Miserably John shook his head.

“Did they think us defeated and driven back, forced out of our forests and away from our game trails?”

“I think so,” John said. “But I have not been with the white men for a long time.”

“You will advise us,” Opechancanough ruled. “You will tell us how to avoid the guns and at what time of day we should attack. We will use your knowledge of them to come against them. You agree?”

John opened his mouth but no sound came. He was aware of Attone rising to his feet at his side.

“He is struck dumb by the honor,” Attone said smoothly. Out of sight he trod hard on John’s toes.

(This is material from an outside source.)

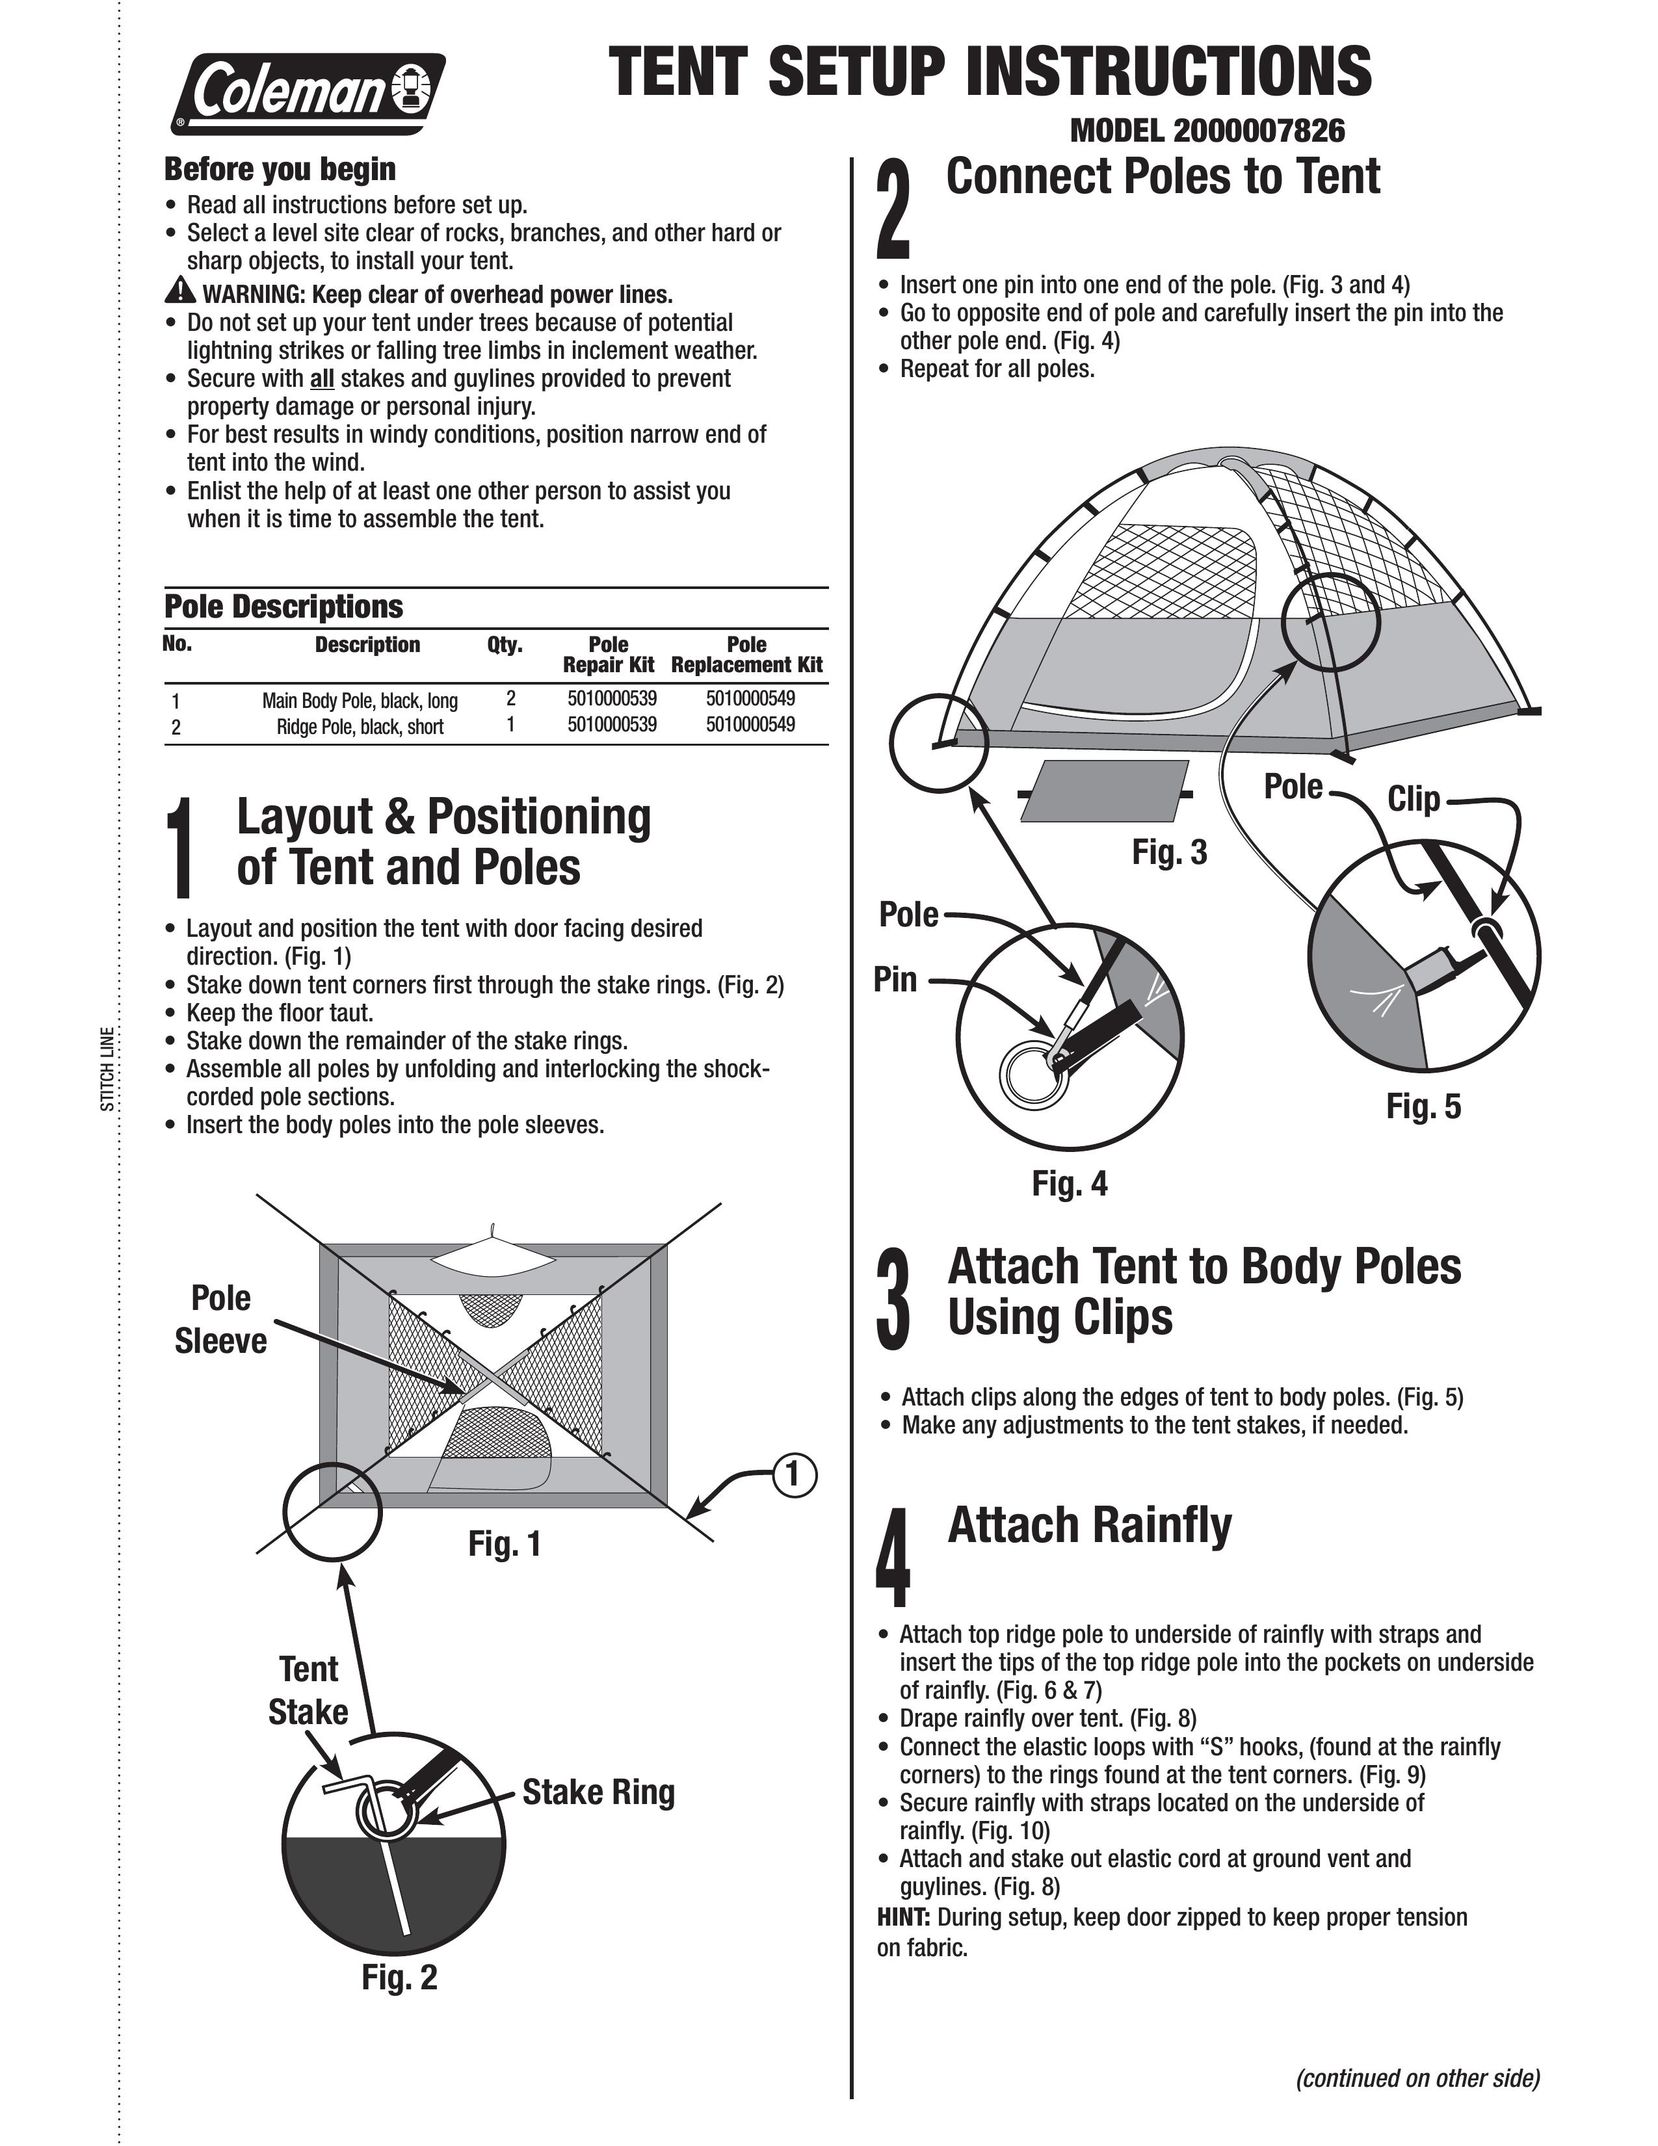 Coleman 2000007826 Tent User Manual

“Indeed I am,” John said numbly.

“Your hands will be red with English blood,” Opechancanough promised him. His face was serious enough but there was a spark of mischief, that irresistible Powhatan mischief, at the back of his eyes. “That will make you happy, Eagle.”

Spring 1644, England

Alexander Norman did not speak again of marriage to Frances, but he visited the Ark at Lambeth every week. He took Frances out on the river, he bought her a pony and took her riding in the lanes away from Lambeth and out into the country. Frances came back from these expeditions unusually quiet and thoughtful but she never said more to Hester than that her uncle had been very kind and they had talked about everything under the sun, but nothing that she could remember. Hester felt torn. On one hand she felt she should warn Frances against deepening her relationship with her uncle, which could only bring him pain and disappointment; but on the other hand she did not want to prevent her daughter from enjoying a trusting, loving relationship with a good man old enough to be her father.

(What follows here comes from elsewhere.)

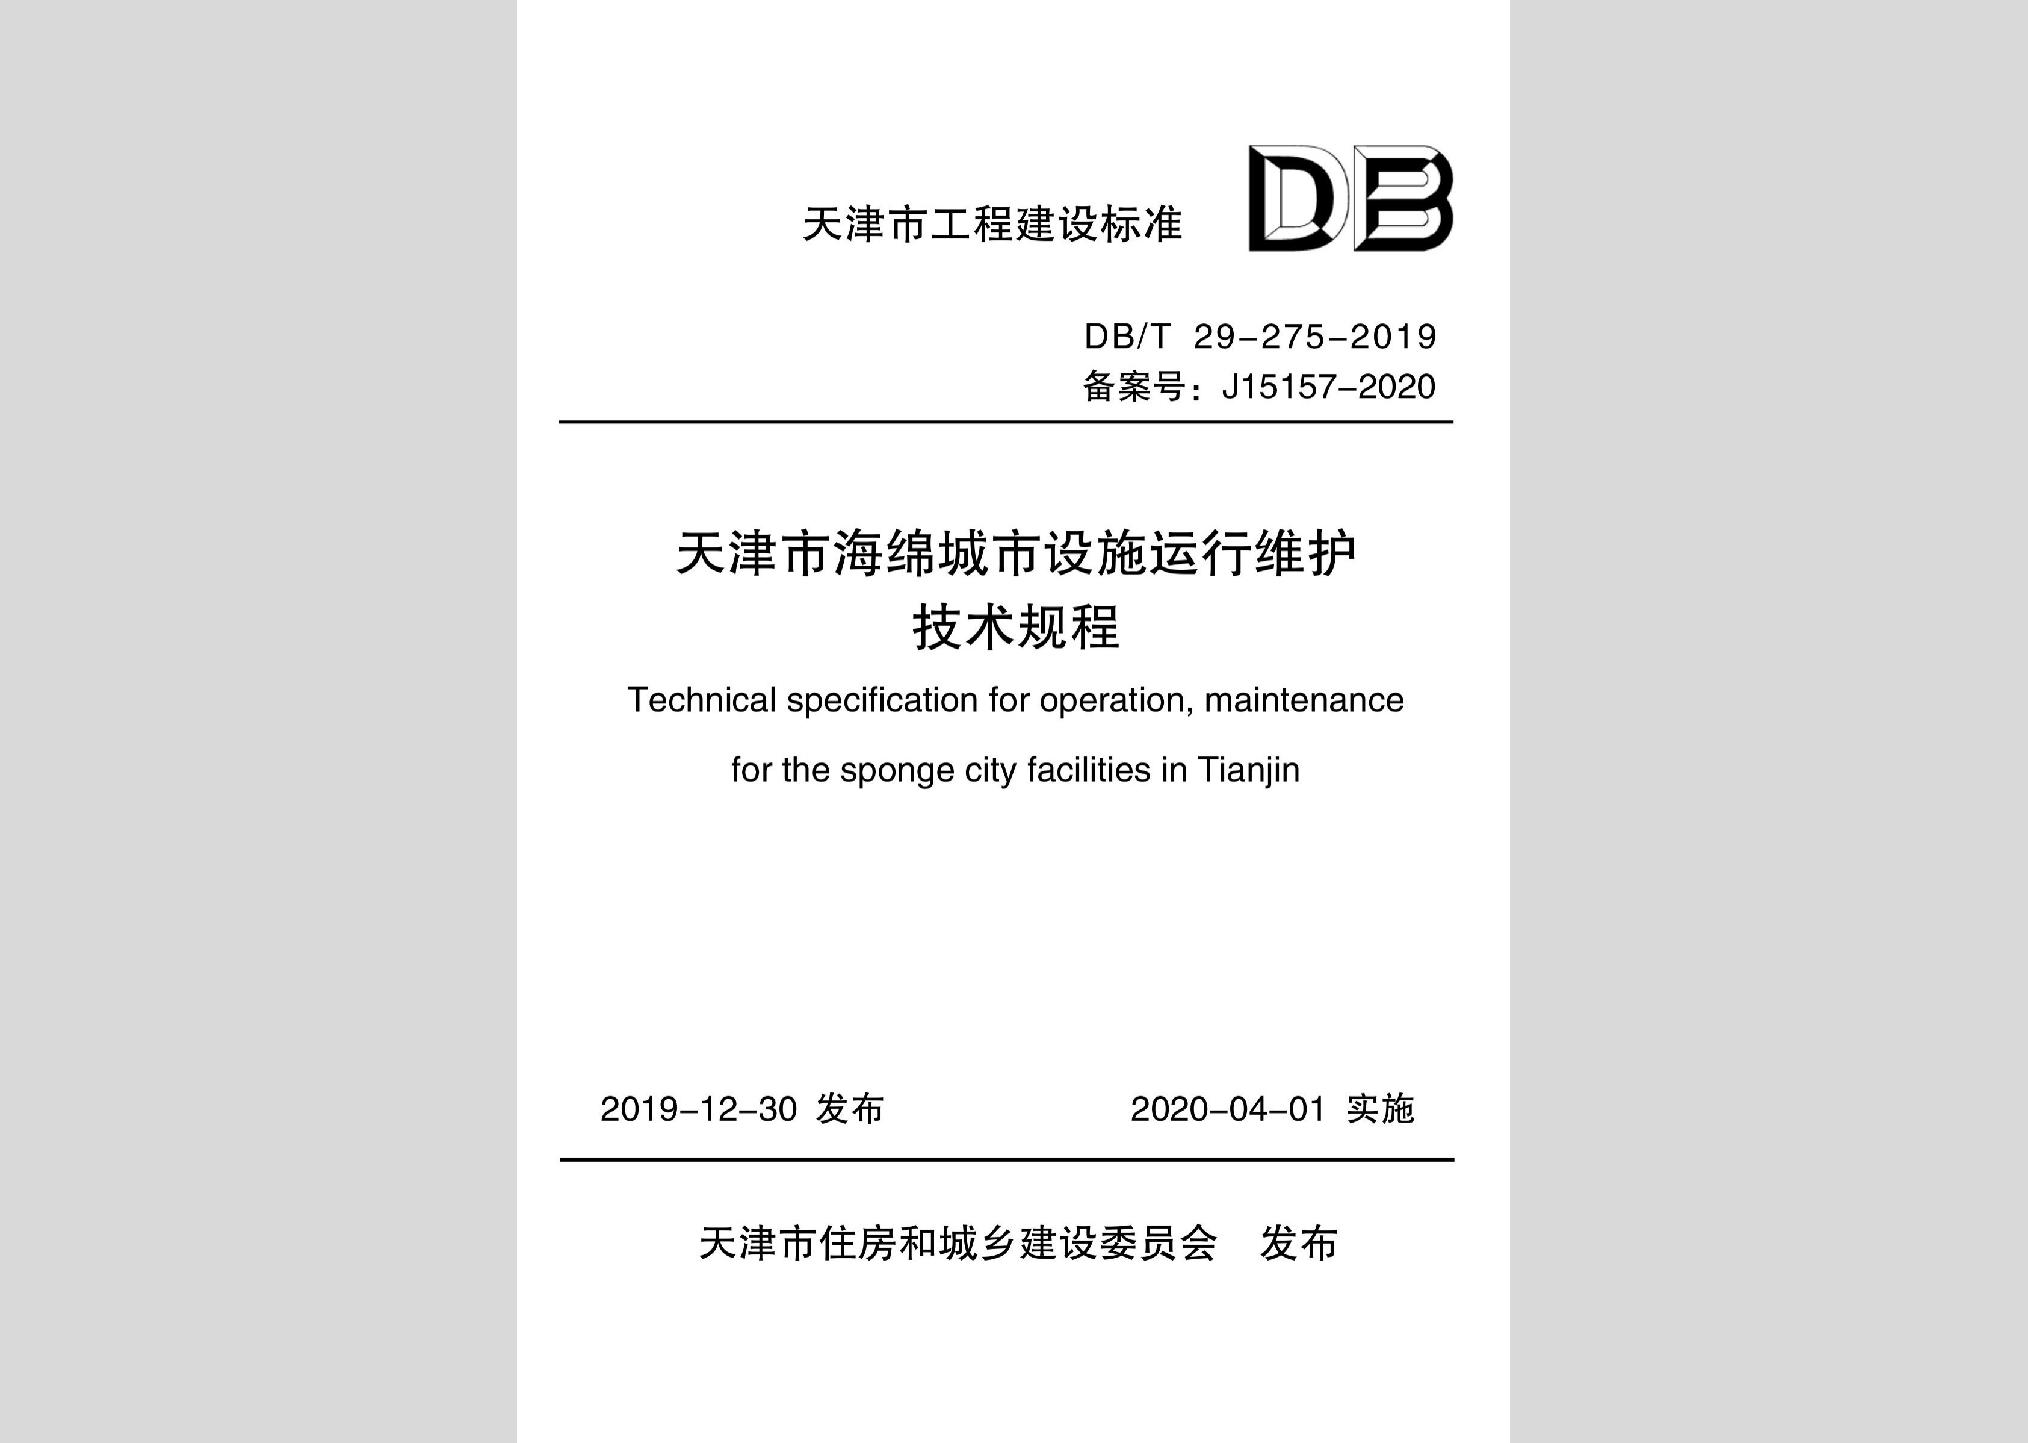 DB/T29-275-2019：天津市海绵城市设施运行维护技术规程

It must be Alexander who was principally at risk from heartbreak. Frances enjoyed his company, and learned much from him – from horsemanship to politics. Hester trusted Alexander to spend every day with her without one word of courtship, but she wondered how much pleasure he took when Frances looked up at him and said trustingly: “You’ll know about King Henry, won’t you, Uncle Norman? You were a boy when he was on the throne, weren’t you?”

He gave Hester a wry smile over his niece’s brown head. “That would be true if I was a hundred years old now. Do you know nothing of history, Frances?”

She made a face. “Not much. So how old are you, Uncle?”

Hester thought he had to brace himself to answer.

“I am fifty-four,” he said honestly. “And I have seen three monarchs reign; but never times like these.”

Frances looked at him consideringly, her head on one side. “Well you don’t look very old,” she said bluntly. “I never think of you as that old.”